Во дни Пушкина. Том 1 — страница 58 из 79

– Кто-нибудь из участников четырнадцатого… – тихо сказал по-французски масон брату.

И все испуганными глазами молча провожали быстро уносящийся в синюю даль возок… Полковник вздохнул тяжело.

– Тоже, должно быть, Беловодию искать поехал… – уныло сказал он.

Масон дал прохожим ассигнацию, те низко поклонились ему и, не надевая шапок, торопливо, с некоторым испугом, – зря проболтались!.. – пошли по широкой дороге вдаль.

Старики повернули к дому… Оба молчали. Притихли и ребята. И уже когда подошли они к старинной церковке, полковник вдруг остановился…

– Все великие мудрецы учили: ищи всего в себе, – проговорил он. – И наш народ умно говорит: не ищи в селе, а ищи в себе. А я вот, признаюсь вам, братец, никак по слабости духа принять этого не могу. А это? – кивнул он в сторону унесшейся брички.

– Масоны учат несколько иначе, братец, как вам известно… – отвечал старик. – Не все в себе, а начинай с себя… Сперва устрой свой внутренний мир, чтобы был в нем порядок, строй, чистота, а затем уже бери в руки молоток и строй храм всеобщего благополучия… Пойдемте, однако, братец: я боюсь, что вы ноги промочили…

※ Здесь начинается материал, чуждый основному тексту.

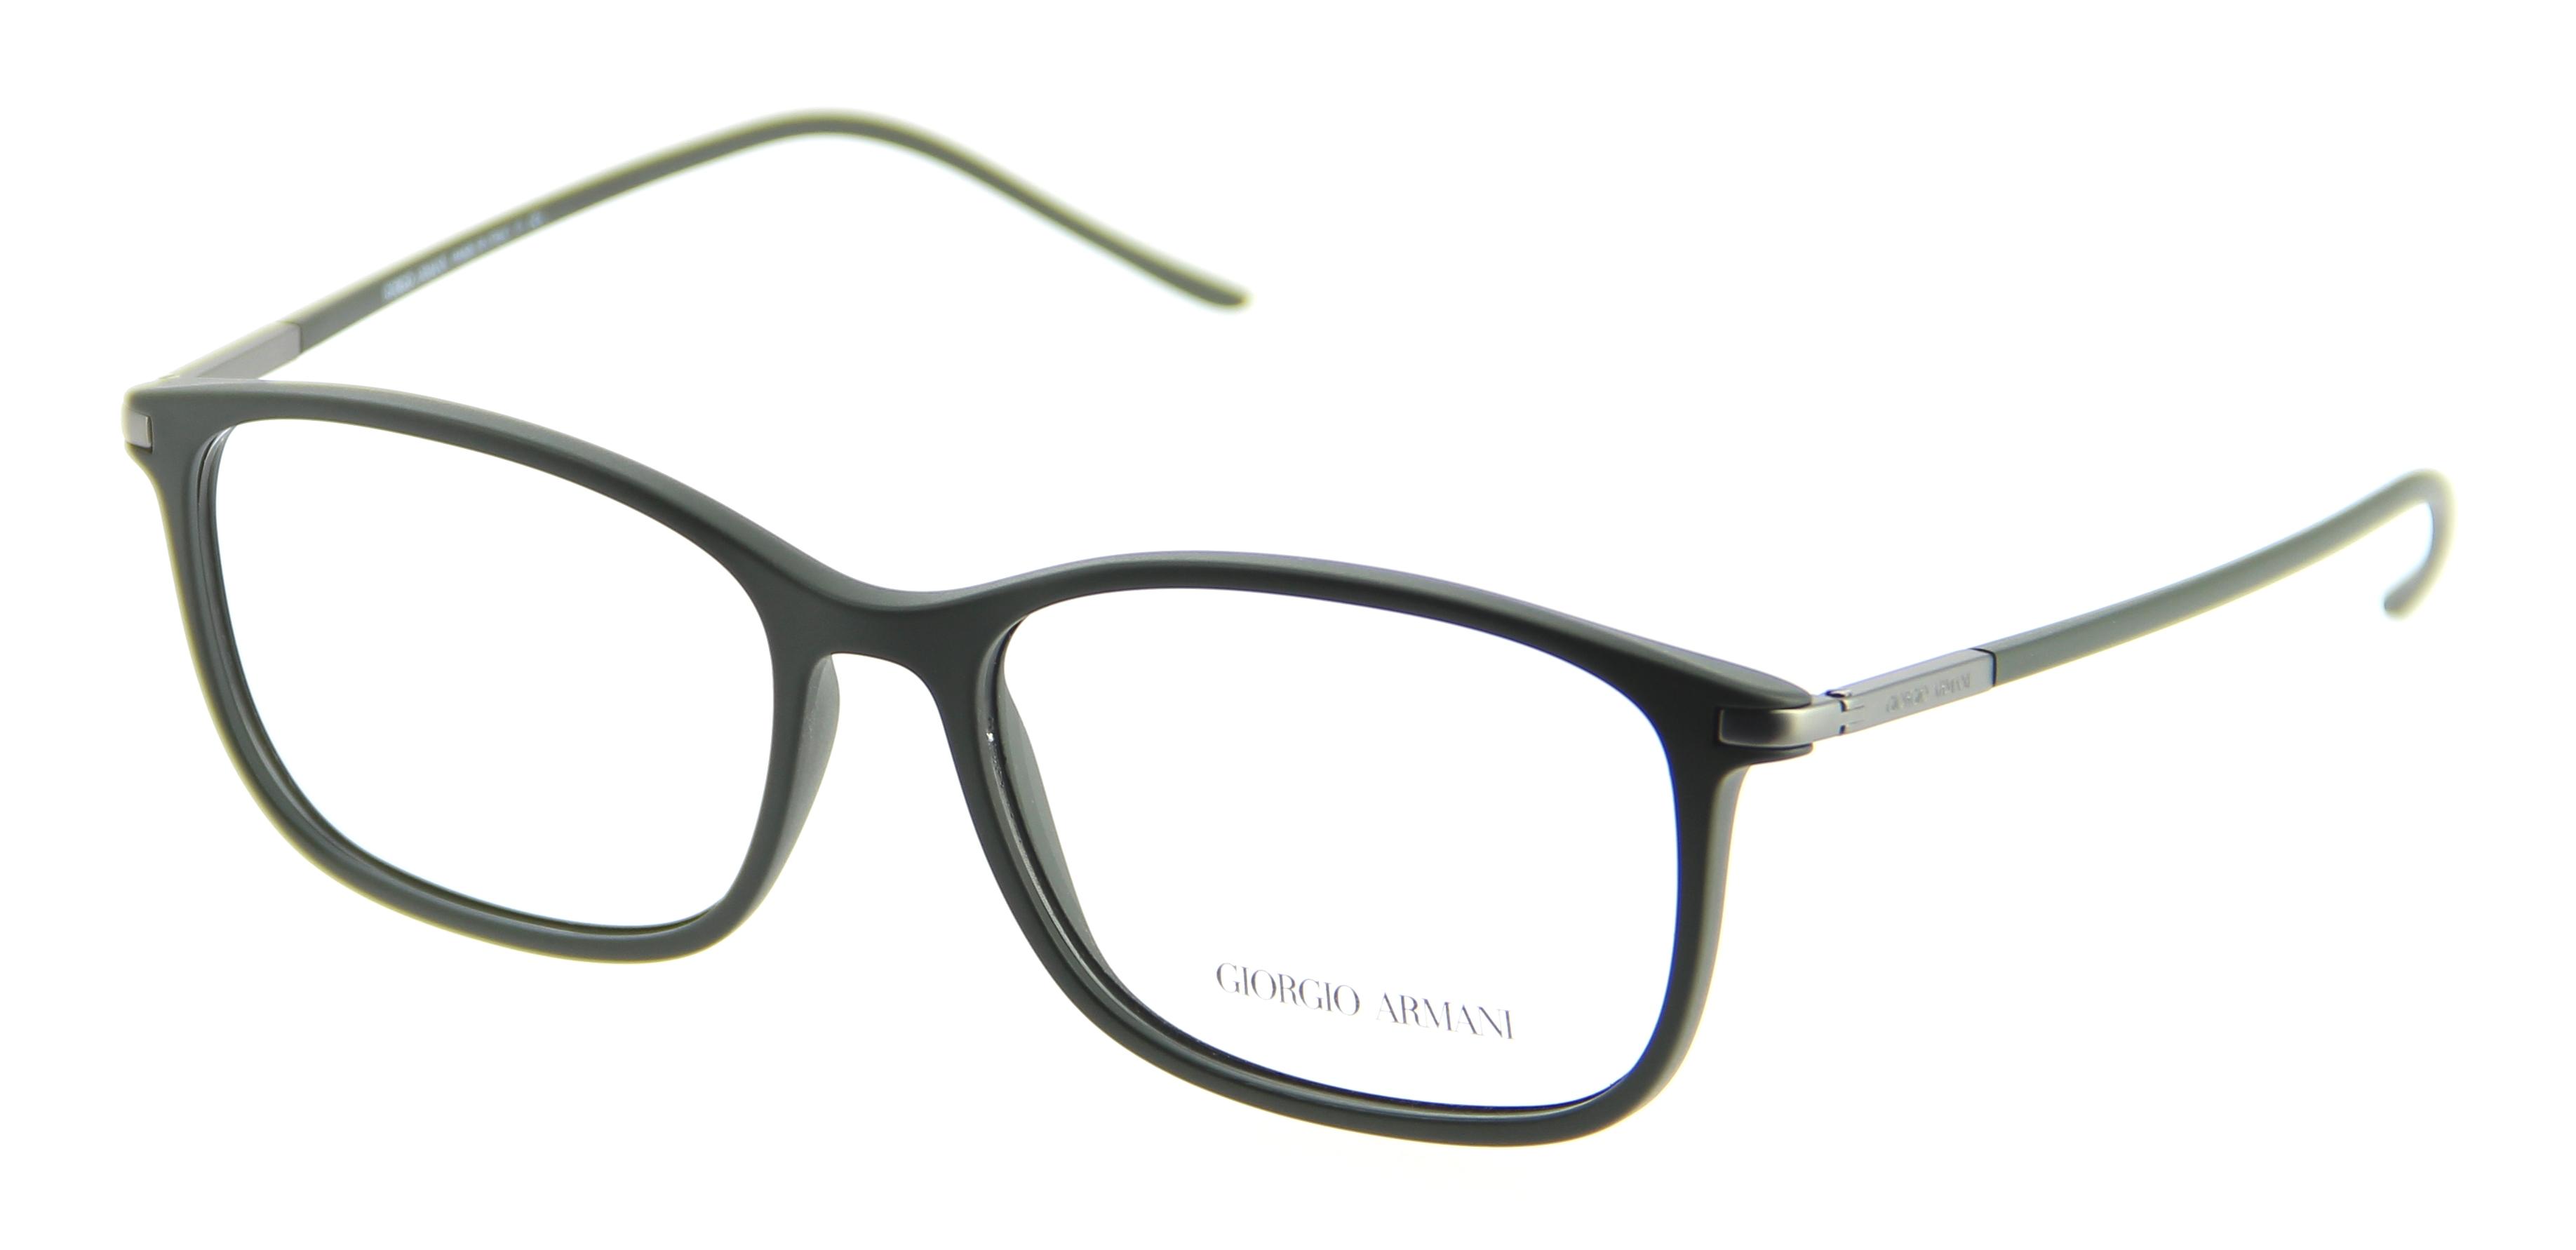 Armani Glasses Frames 2015 : Eyeglasses GIORGIO ARMANI AR 7006 5152 54/16 Man Vert ...

Они, потупившись, зашагали дальше. В старых огненных рябинах на околице трещали жирные дрозды. Галки и вороны неустанно кружились вкруг синеньких главок церкви. Синие тучи валились на восток. Где-то неподалеку на звонком гумне весело забили уже цепы…

– Да… – вздохнул вдруг полковник. – Мы вот жалеем их от всего сердца, но что сделали бы они, если бы им удалось вырвать власть у Николая? Ответ на сие дает нам французская революция. Они тоже стали бы мучить людей, проливать кровь, и эта же самая тройка понесла бы в Сибирь кого-нибудь другого… О Марате, сем великом душегубце, сказывают, что, запершись у себя, он роскошествовал чрезвычайно и даже душился, а когда выходил, то надевал на себя оборванную и запачканную блузу работника. Великая ложь во всем… Слово свобода для большей части ее мнимых поклонников есть лом, которым они пробивают преграды к быстрому возвышению и который потом, достигнув желаемого, они бросают прочь… И потому, может быть, все же правда, что все в себе и что нам надо побороть искушение перестраивать вселенную и заняться самим собой…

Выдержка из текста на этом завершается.